Notice how the work directories correspond to the apparently random number/letter codes printed to the screen next to each process upon workflow execution. Each task in a Nextflow pipeline is assigned a unique identifier based on the input data, parameters, and code used. The output of the task is then saved (cached) in a uniquely named subdirectory within the work directory.
Each process in Nextflow generates a unique hash key that represents the combination of the process script, input data, and any parameters used. This hash key ensures that any change in the input, script, or parameters results in a new hash, and thus a new subdirectory in the work directory.
When a process is executed, Nextflow checks if there is already a subdirectory in the work directory that corresponds to the same hash key. If it finds one, this means that the process with the same inputs and parameters has been run before, and the cached results are available. If a matching directory is found, Nextflow reuses the cached output instead of rerunning the process. This is especially useful when working on large datasets or complex workflows where re-running every step can be time-consuming and computationally expensive.
If a workflow is interrupted or if you decide to make changes and rerun it, Nextflow can resume from where it left off. Since the results of previously completed tasks are cached in the work directory, Nextflow will skip these tasks and only run the processes that are new or whose inputs have changed.
The results/
directory
All final outputs for this workflow will be presented in a directory specified by the --outdir
flag which is a custom parameter we have defined in the nextflow.config
as params.ourdir
. Note the default is set to results/
.
If you were to rerun the workflow, using the --outdir
flag and a different value, you could change the name of the output directory:
nextflow run main.nf --input assets/samplesheet.csv --outdir different_out
All Nextflow task outputs are saved to their unique subdirectories within work/
automatically. Although the work directory is crucial during the workflow execution, it’s typically not the place where you store final results. It’s more of a temporary workspace that can be cleaned up after the workflow is completed.

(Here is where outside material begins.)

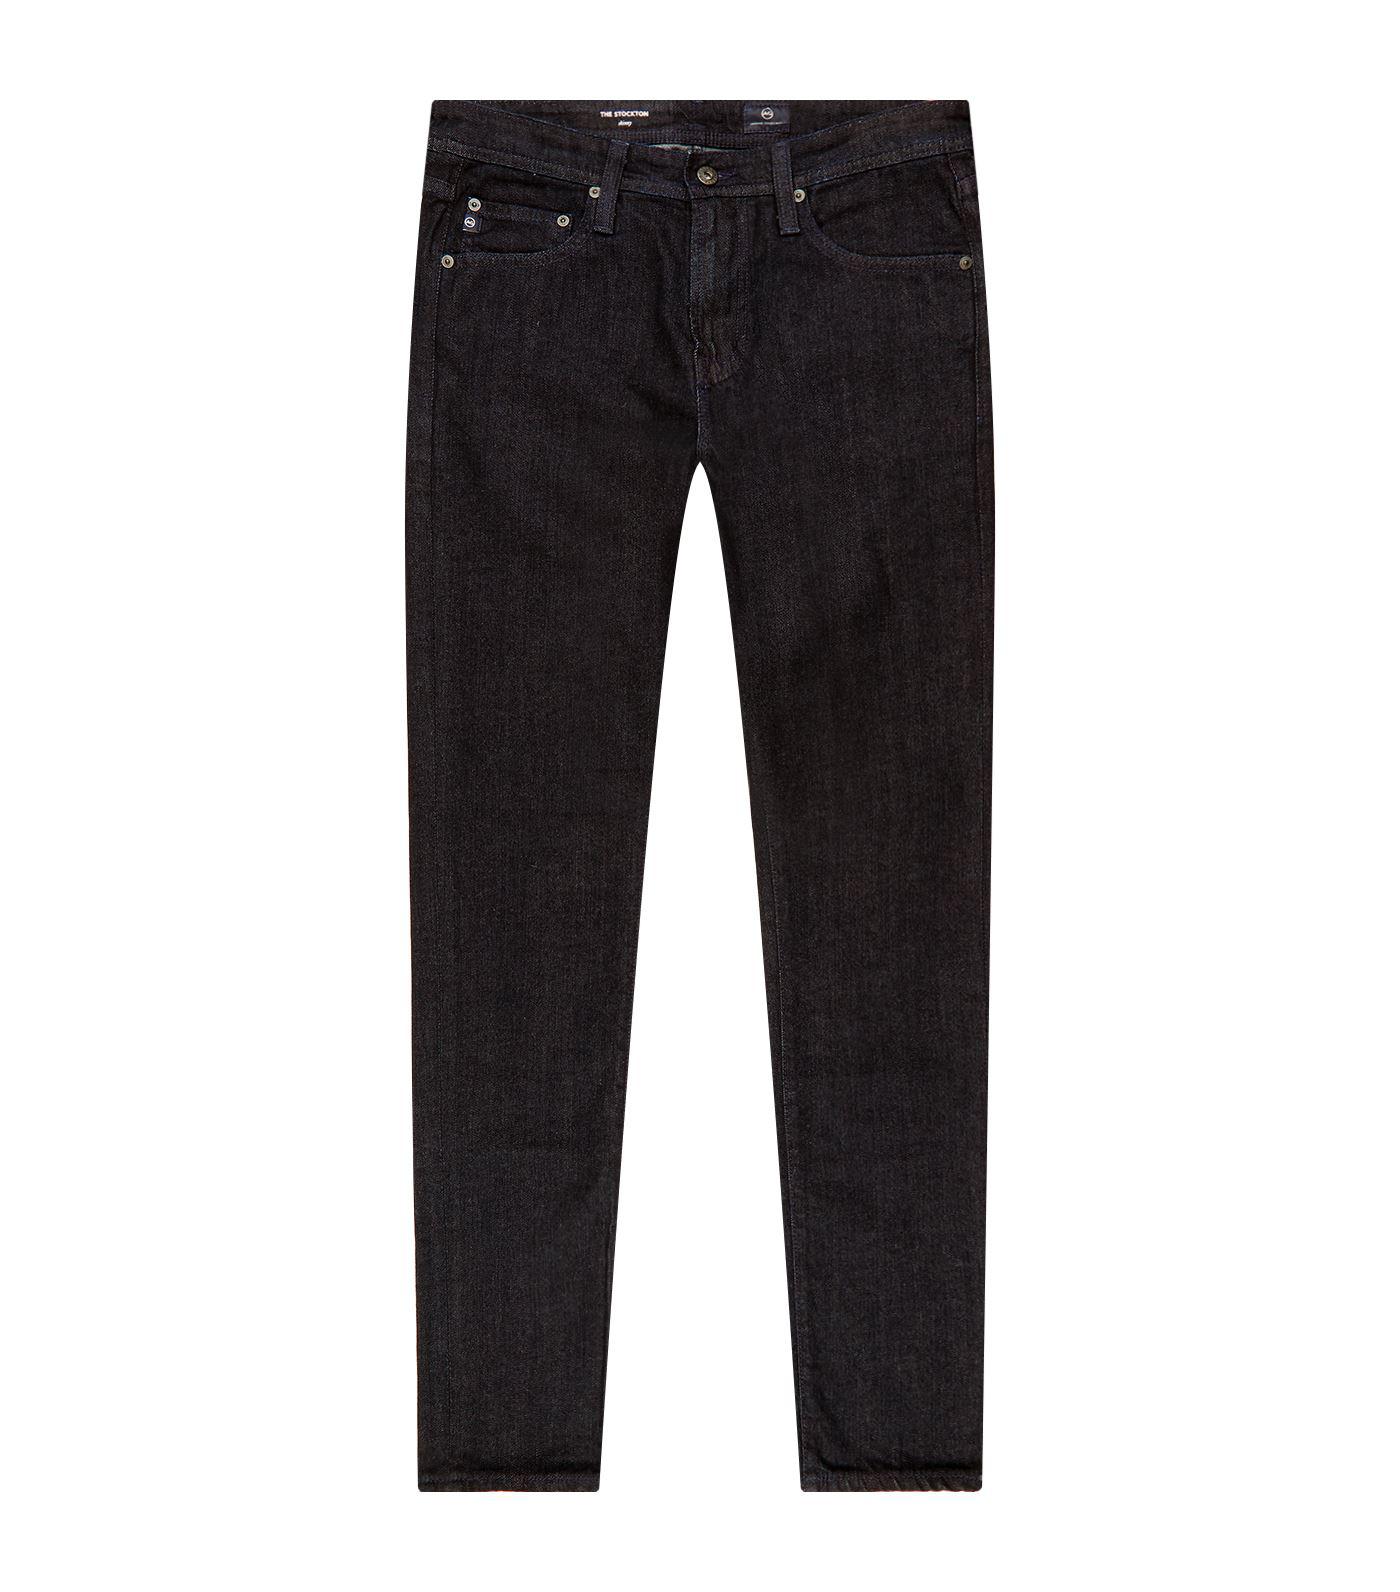 AG Jeans The Stockton Skinny Fit Denim Jeans in Blue for Men - Lyst

Nextflow requires users to explicitly instruct it to save final outputs after the workflow completes. Unlike the work directory, the location of this is specified by the user. Setting up an output directory is something we must do intentionally at the process level.

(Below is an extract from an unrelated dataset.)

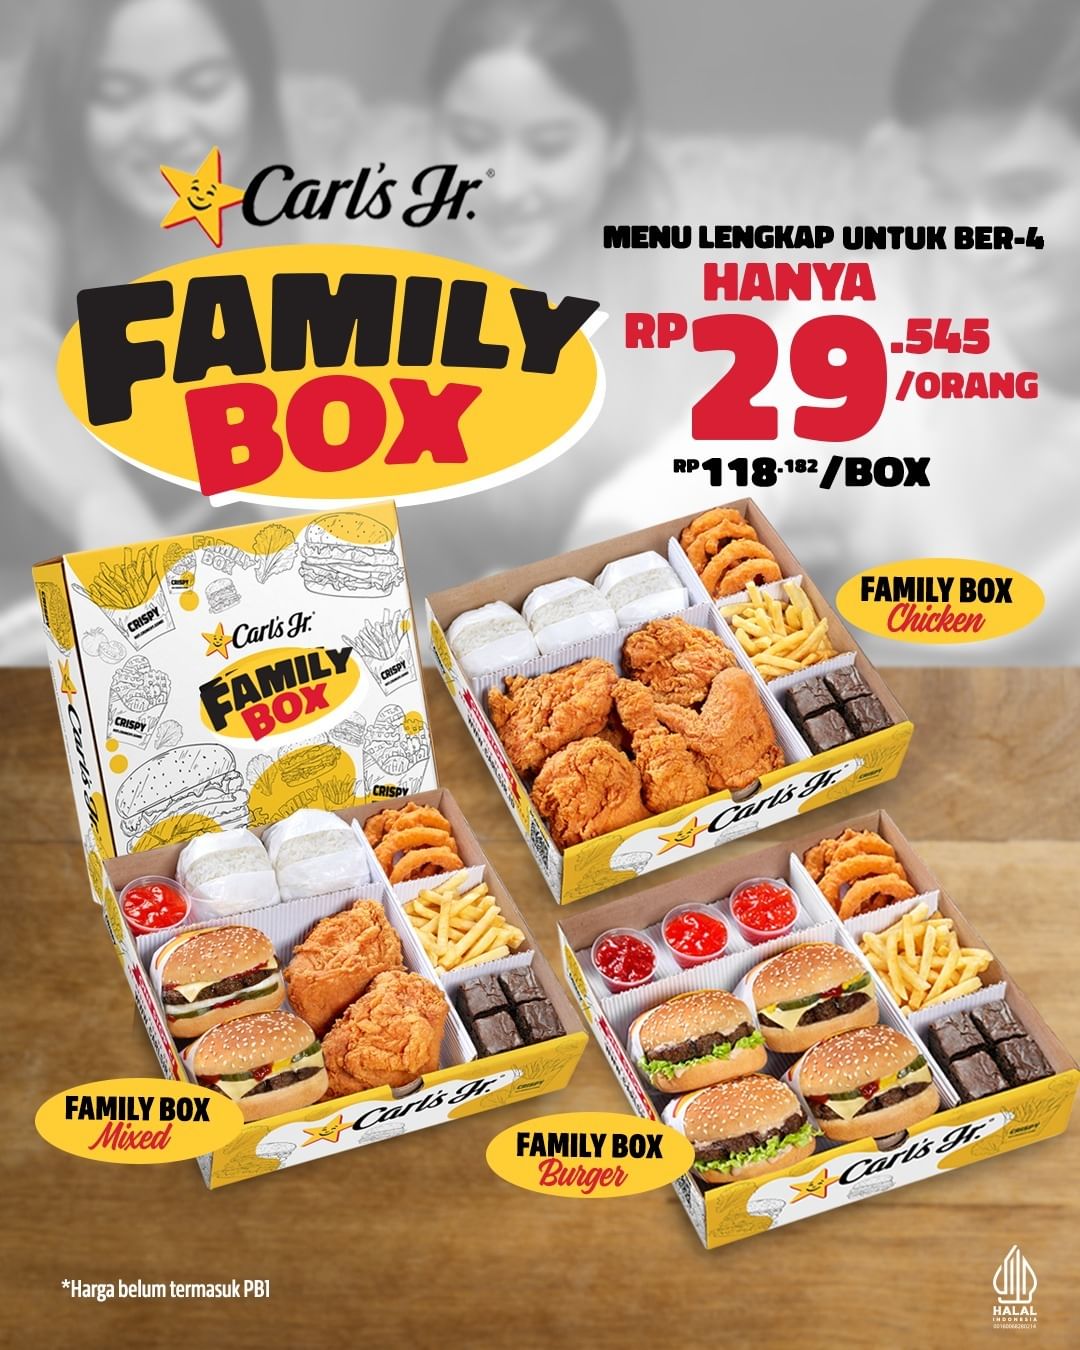 CARL'S JR Promo FAMILY BOX - Hanya Rp. 118.182 Paket 3 – 4 Orang

Note the contents of the results/
directory and how this has been defined by the demo workflow’s developer in the process scopes inside the modules/
directory using publishDir
. For example, the group_samples
process:
process group_samples {
tag "INPUT: ${checked_samplesheet.fileName}"
publishDir "${params.outdir}", mode: 'copy'
input:
path(checked_samplesheet)
output:
path("samplesheet_illumina.csv"), emit: illumina
path("samplesheet_pacbio.csv"), emit: pacbio
script:
"""
awk -F, '\$4 == "illumina"' OFS=, ${checked_samplesheet} > samplesheet_illumina.csv
awk -F, '\$4 == "pacbio"' OFS=, ${checked_samplesheet} > samplesheet_pacbio.csv
""" }
Here, we’ve chosen to output the files created by this process as a copy of what has been saved to the work/
directory. Alternatively, to save space we could have used symlink
to reduce the creation of additional files.
The .nextflow/
directory
This directory contains a cache subdirectory to store cached data such as downloaded files and can be used to speed up subsequent pipeline runs. It also contains a history file which contains a record of pipeline executions including run time, the unique run name, and command line arguments used.
The .nextflow.log
file
This file is created by Nextflow during the execution of a pipeline and contains information about all processes and any warnings or errors that occurred during execution.